··· EXERCISE INPUT

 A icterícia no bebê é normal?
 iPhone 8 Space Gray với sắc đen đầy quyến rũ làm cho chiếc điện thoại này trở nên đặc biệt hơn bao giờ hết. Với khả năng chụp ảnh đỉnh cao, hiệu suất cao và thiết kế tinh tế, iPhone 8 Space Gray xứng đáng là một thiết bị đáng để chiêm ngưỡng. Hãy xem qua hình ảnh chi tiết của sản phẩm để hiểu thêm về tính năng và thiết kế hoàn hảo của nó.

······
··· EXERCISE INPUT

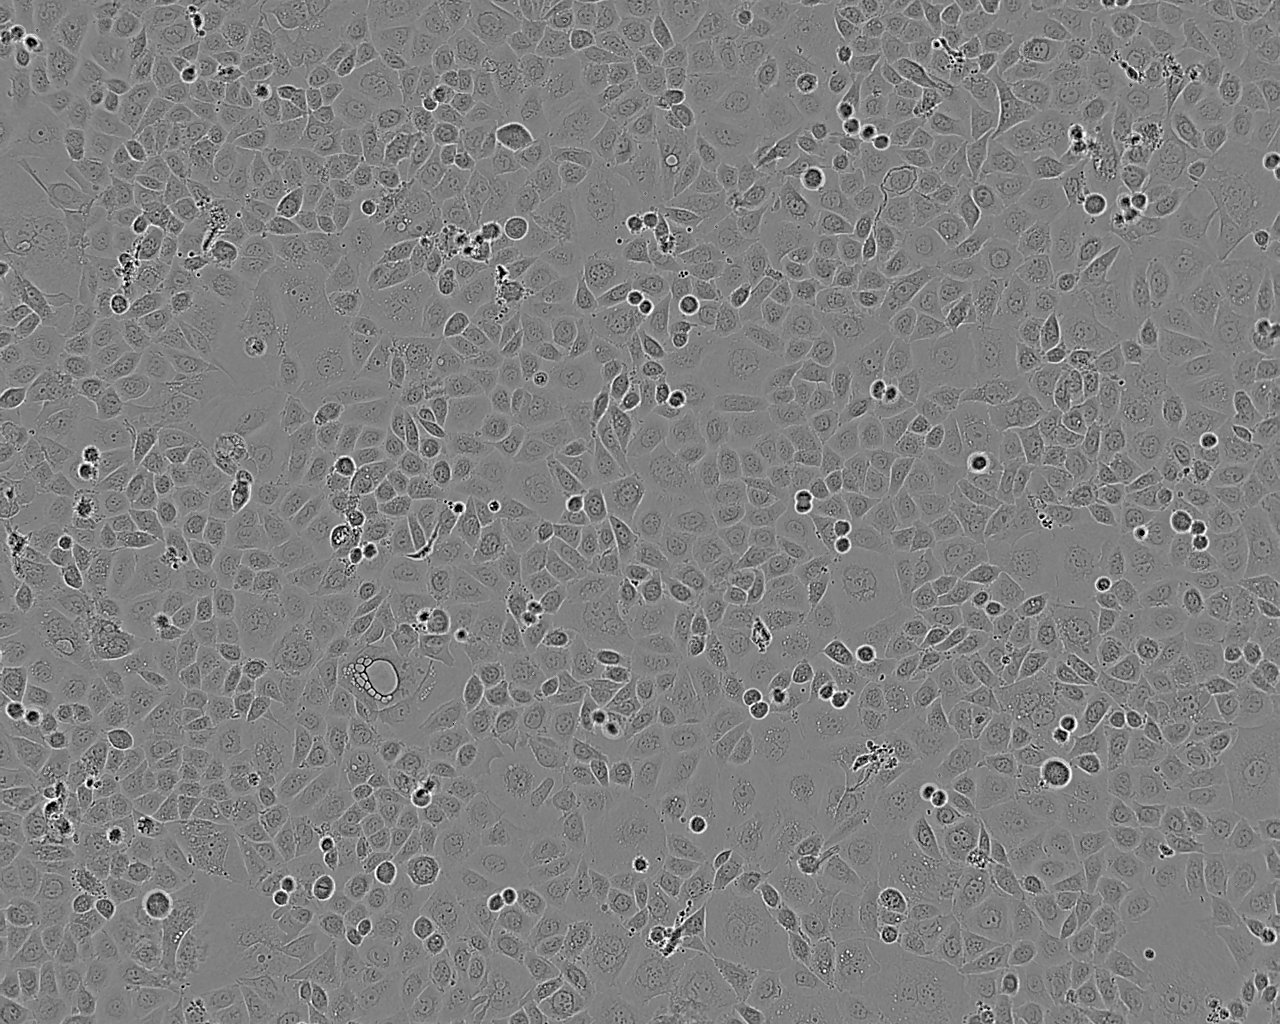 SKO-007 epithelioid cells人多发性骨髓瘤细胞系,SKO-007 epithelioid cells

······

### YOUR OBJECTIVE:
Reproduce exactly the lines above from the line with "A icterícia no bebê é normal?" to the line with "iPhone 8 Space Gray với", including both, and add nothing.

### EXERCISE RESPONSE:
 A icterícia no bebê é normal?
 iPhone 8 Space Gray với sắc đen đầy quyến rũ làm cho chiếc điện thoại này trở nên đặc biệt hơn bao giờ hết. Với khả năng chụp ảnh đỉnh cao, hiệu suất cao và thiết kế tinh tế, iPhone 8 Space Gray xứng đáng là một thiết bị đáng để chiêm ngưỡng. Hãy xem qua hình ảnh chi tiết của sản phẩm để hiểu thêm về tính năng và thiết kế hoàn hảo của nó.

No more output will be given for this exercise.